#### [Material provided]
== Segment start ==
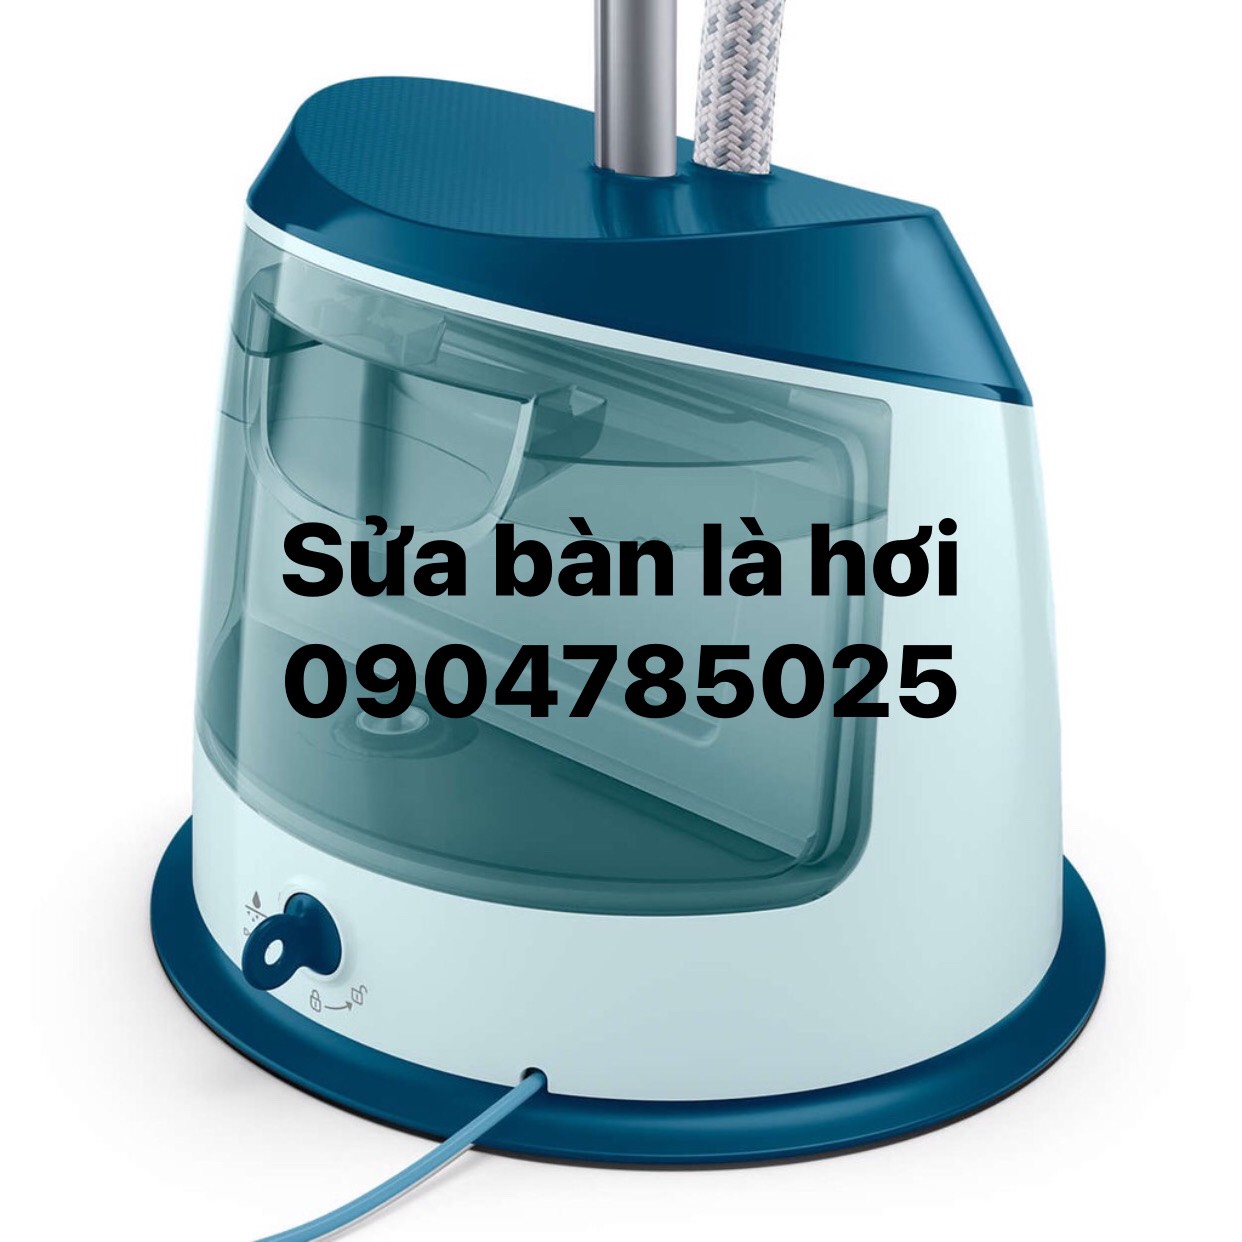 Sửa bàn ủi hơi nước tại Hà Nội, với các hãng Philips, Tefal, Bluestone, Panasonic, Electrolux, Bosch, sửa nhanh, giá rẻ
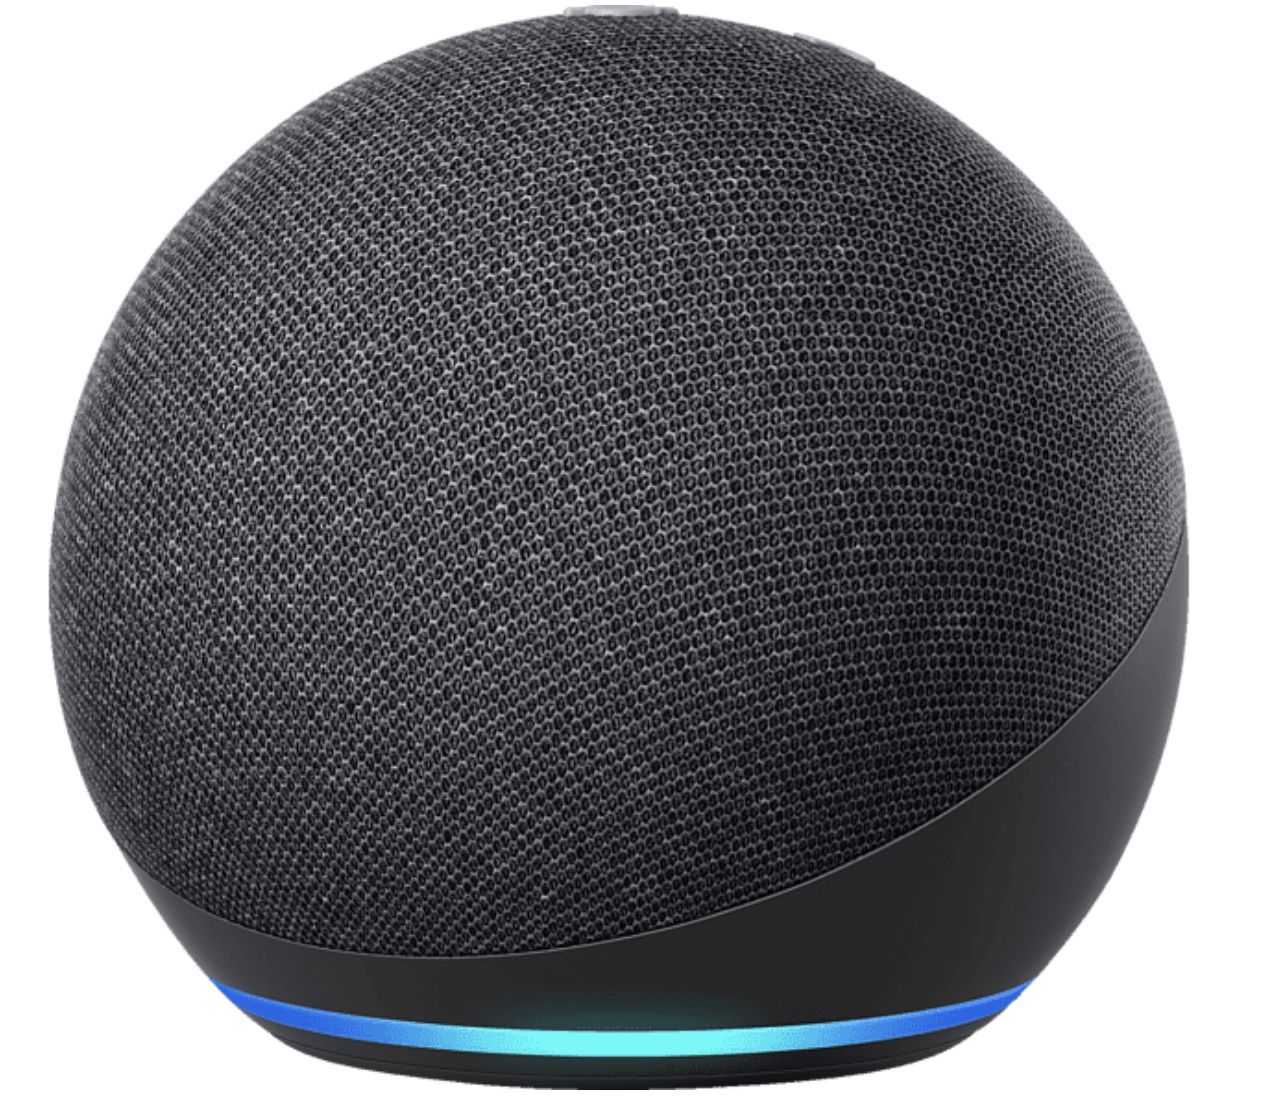 MediaMarkt: Amazon Echo Dot Angebote   z.B. Echo Dot 4. Generation mit Uhr ab 29,99€ (statt 40€)
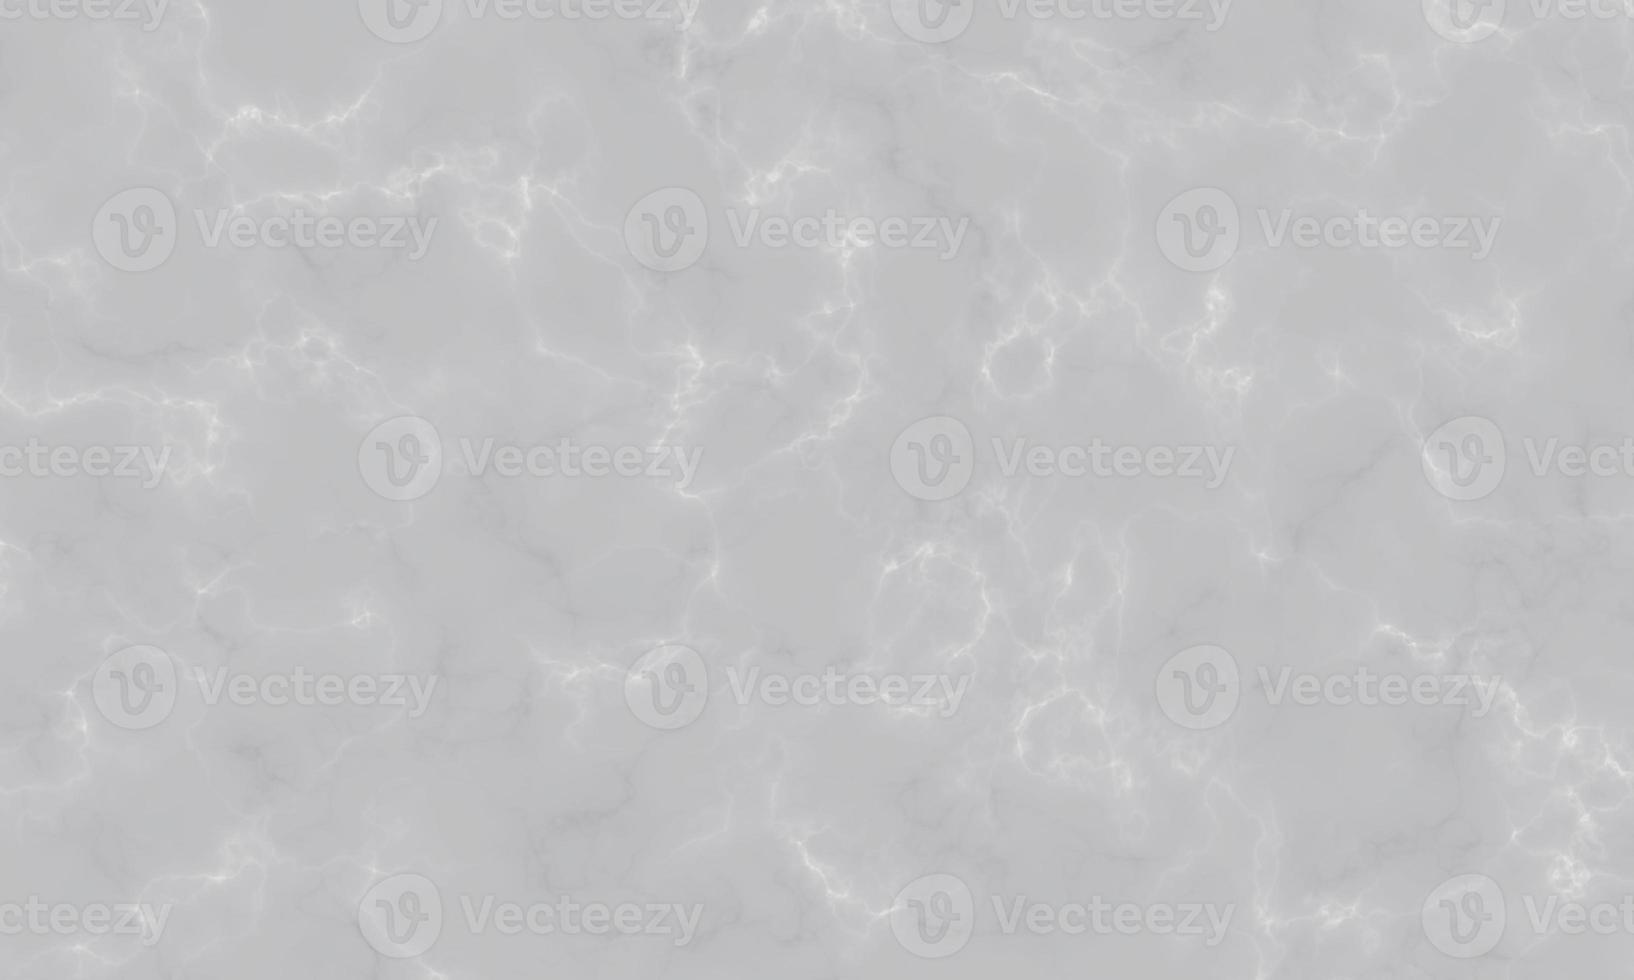 fundo de textura de mármore cinza branco com alta resolução foto
== Segment end ==
Exclude the images, then output the data above word for word.

 Sửa bàn ủi hơi nước tại Hà Nội, với các hãng Philips, Tefal, Bluestone, Panasonic, Electrolux, Bosch, sửa nhanh, giá rẻ
 MediaMarkt: Amazon Echo Dot Angebote   z.B. Echo Dot 4. Generation mit Uhr ab 29,99€ (statt 40€)
 fundo de textura de mármore cinza branco com alta resolução foto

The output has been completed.